-- SOURCE DATA follows --
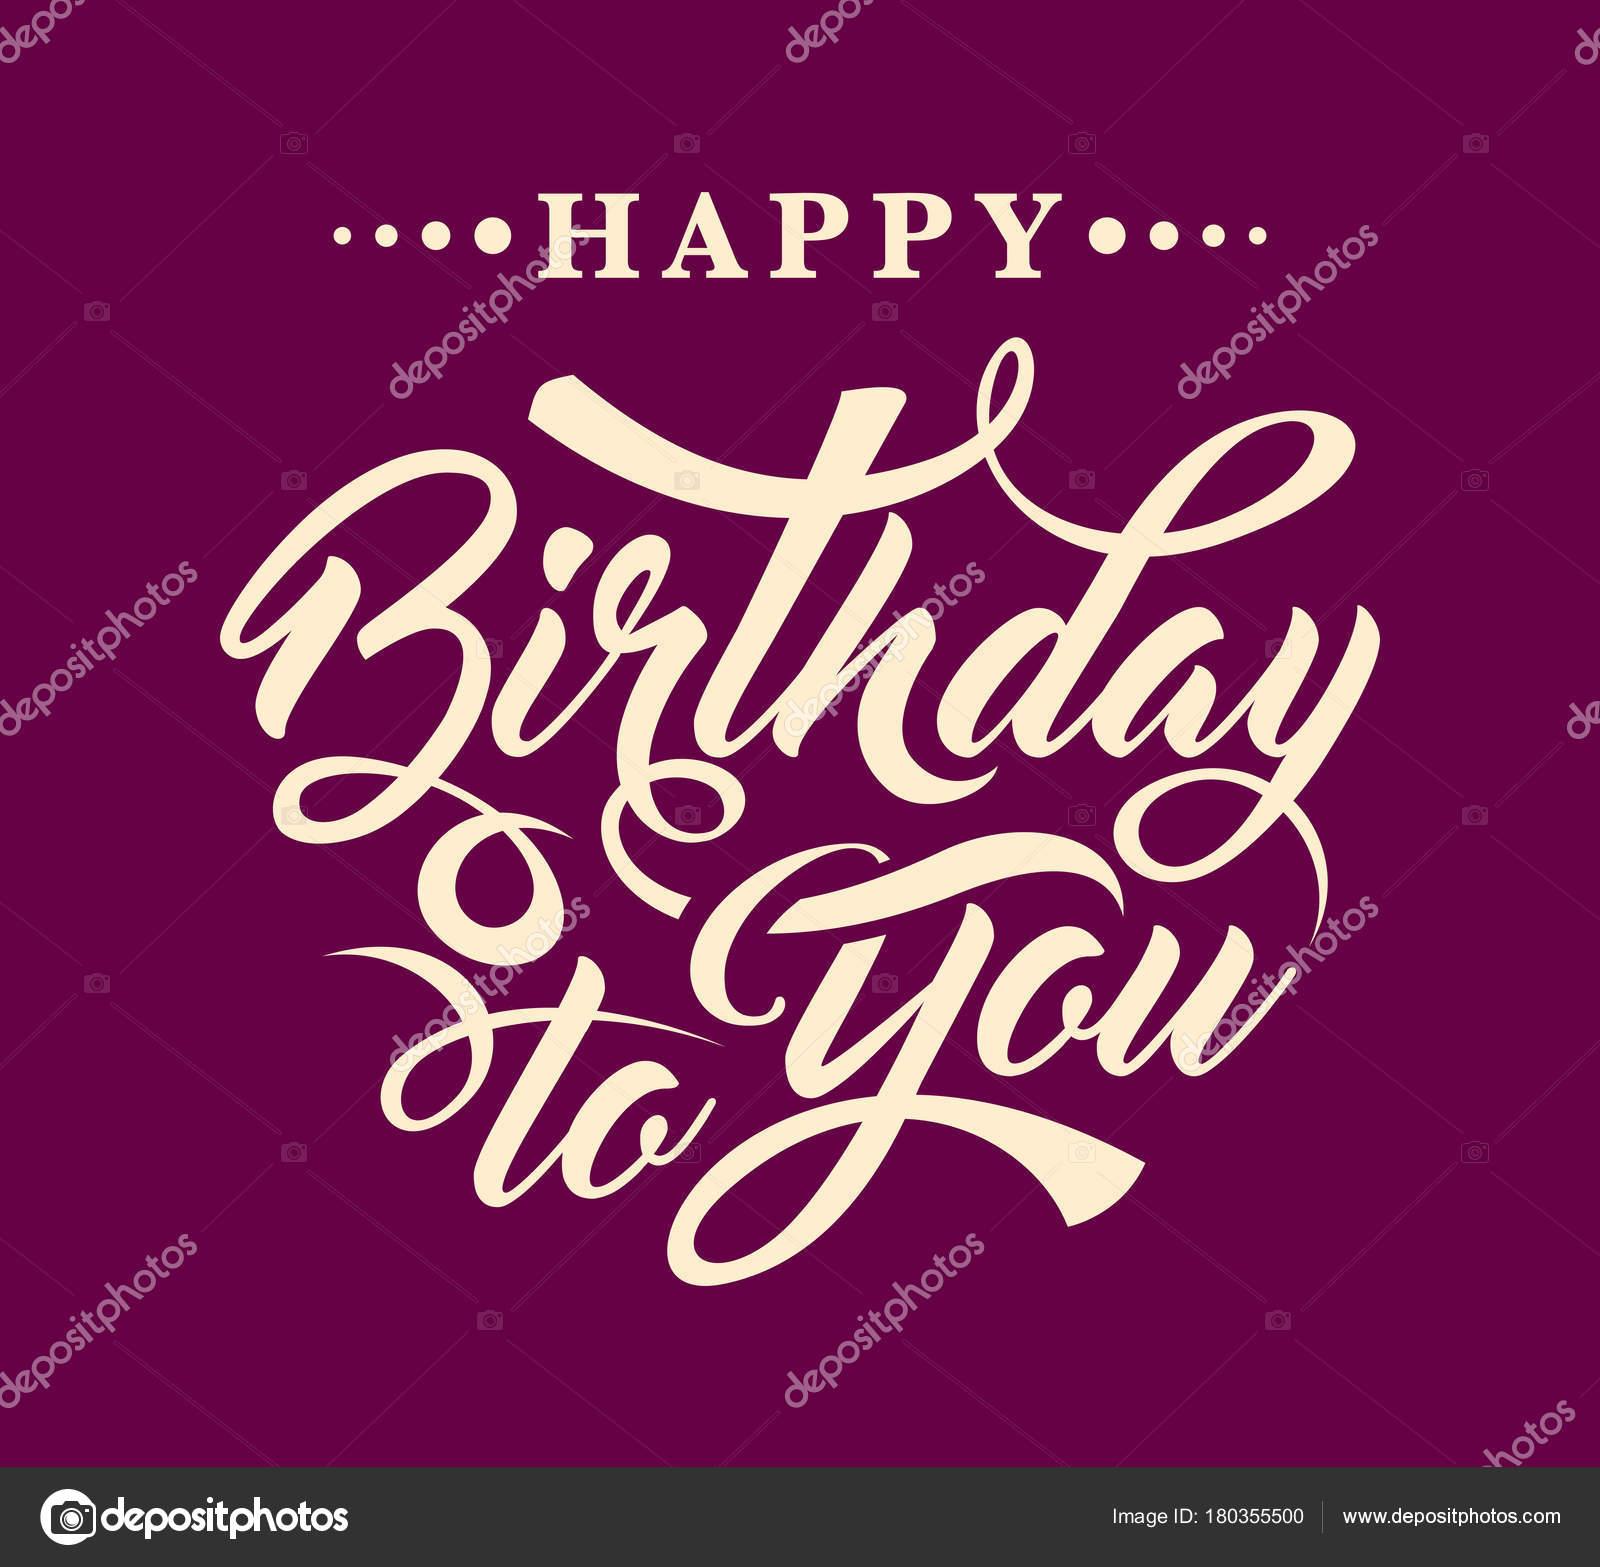 hartelijk gefeliciteerd met je verjaardag Hartelijk gefeliciteerd met je verjaardag. Kalligrafische tekst  hartelijk gefeliciteerd met je verjaardag
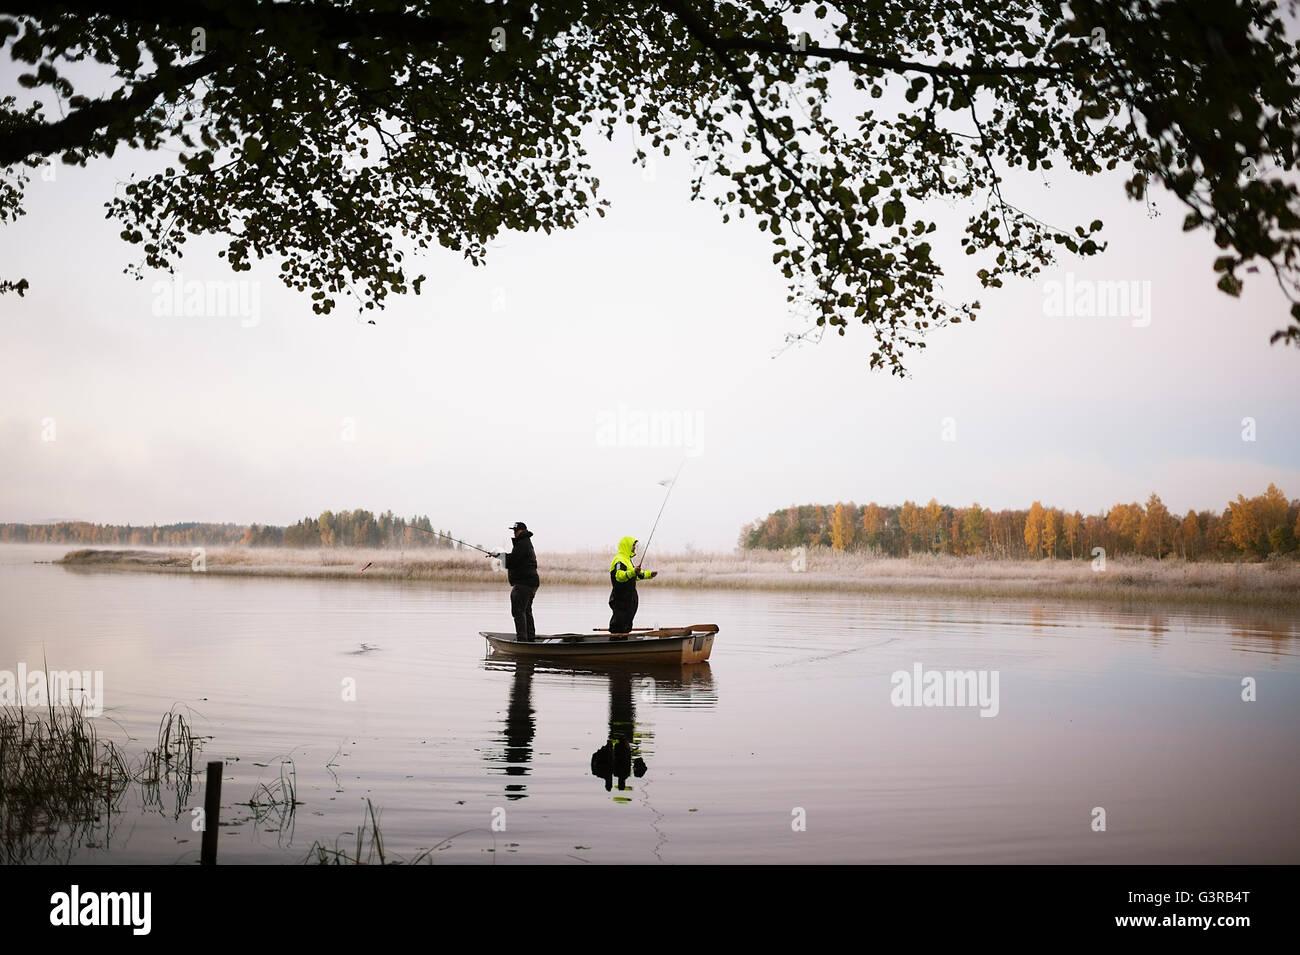 Suecia, Vastmanland, Bergslagen, Torrvarpen de hombres jóvenes, la pesca en el lago al atardecer Imagen De Stock
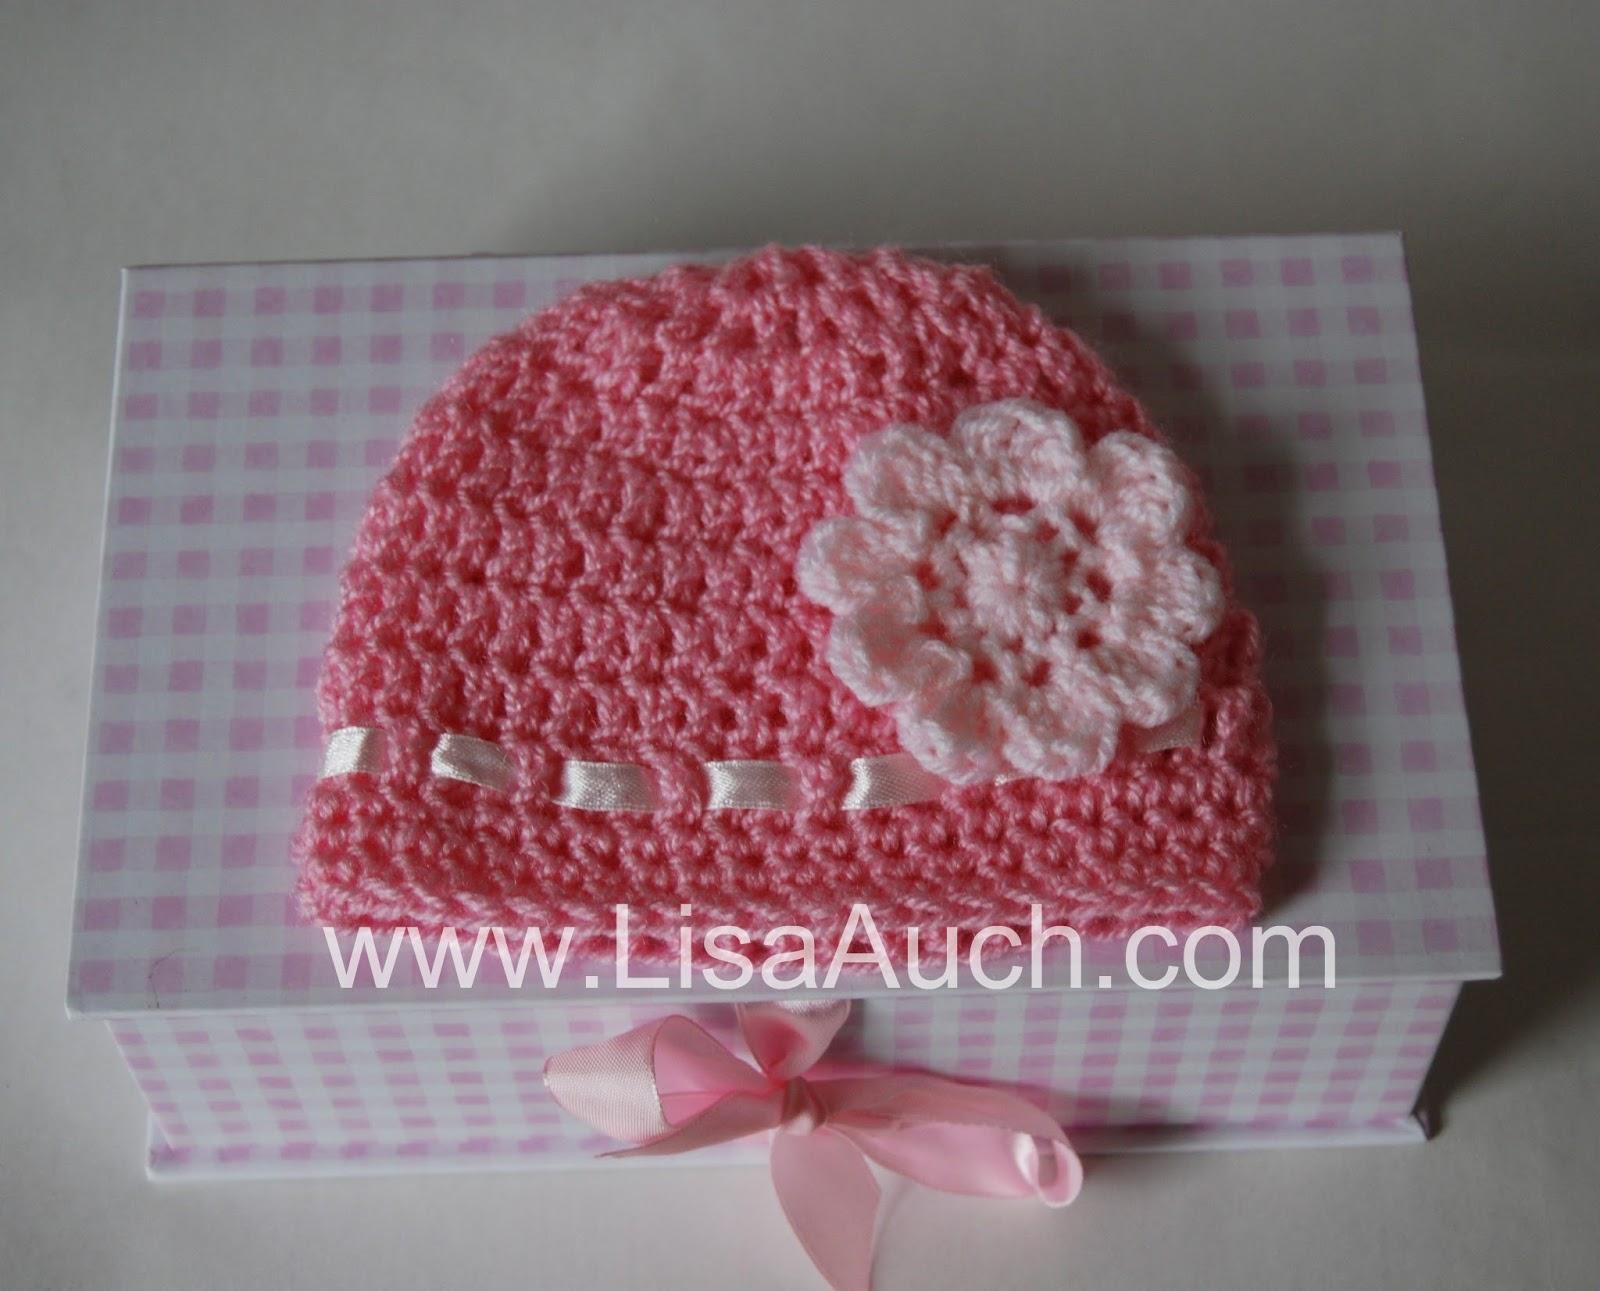 61010f1d89d Double Crochet Baby Beanie Hat Pattern 12-18 months (1- 1 1 2 year Old)  FREE Crochet Pattern
-- SOURCE DATA concluded --
→ **TASK OBJECTIVE**:
The reply should contain all of the data above, word for word, with no pictures.

→ **TASK RESULT**:
 hartelijk gefeliciteerd met je verjaardag Hartelijk gefeliciteerd met je verjaardag. Kalligrafische tekst  hartelijk gefeliciteerd met je verjaardag
 Suecia, Vastmanland, Bergslagen, Torrvarpen de hombres jóvenes, la pesca en el lago al atardecer Imagen De Stock
 61010f1d89d Double Crochet Baby Beanie Hat Pattern 12-18 months (1- 1 1 2 year Old)  FREE Crochet Pattern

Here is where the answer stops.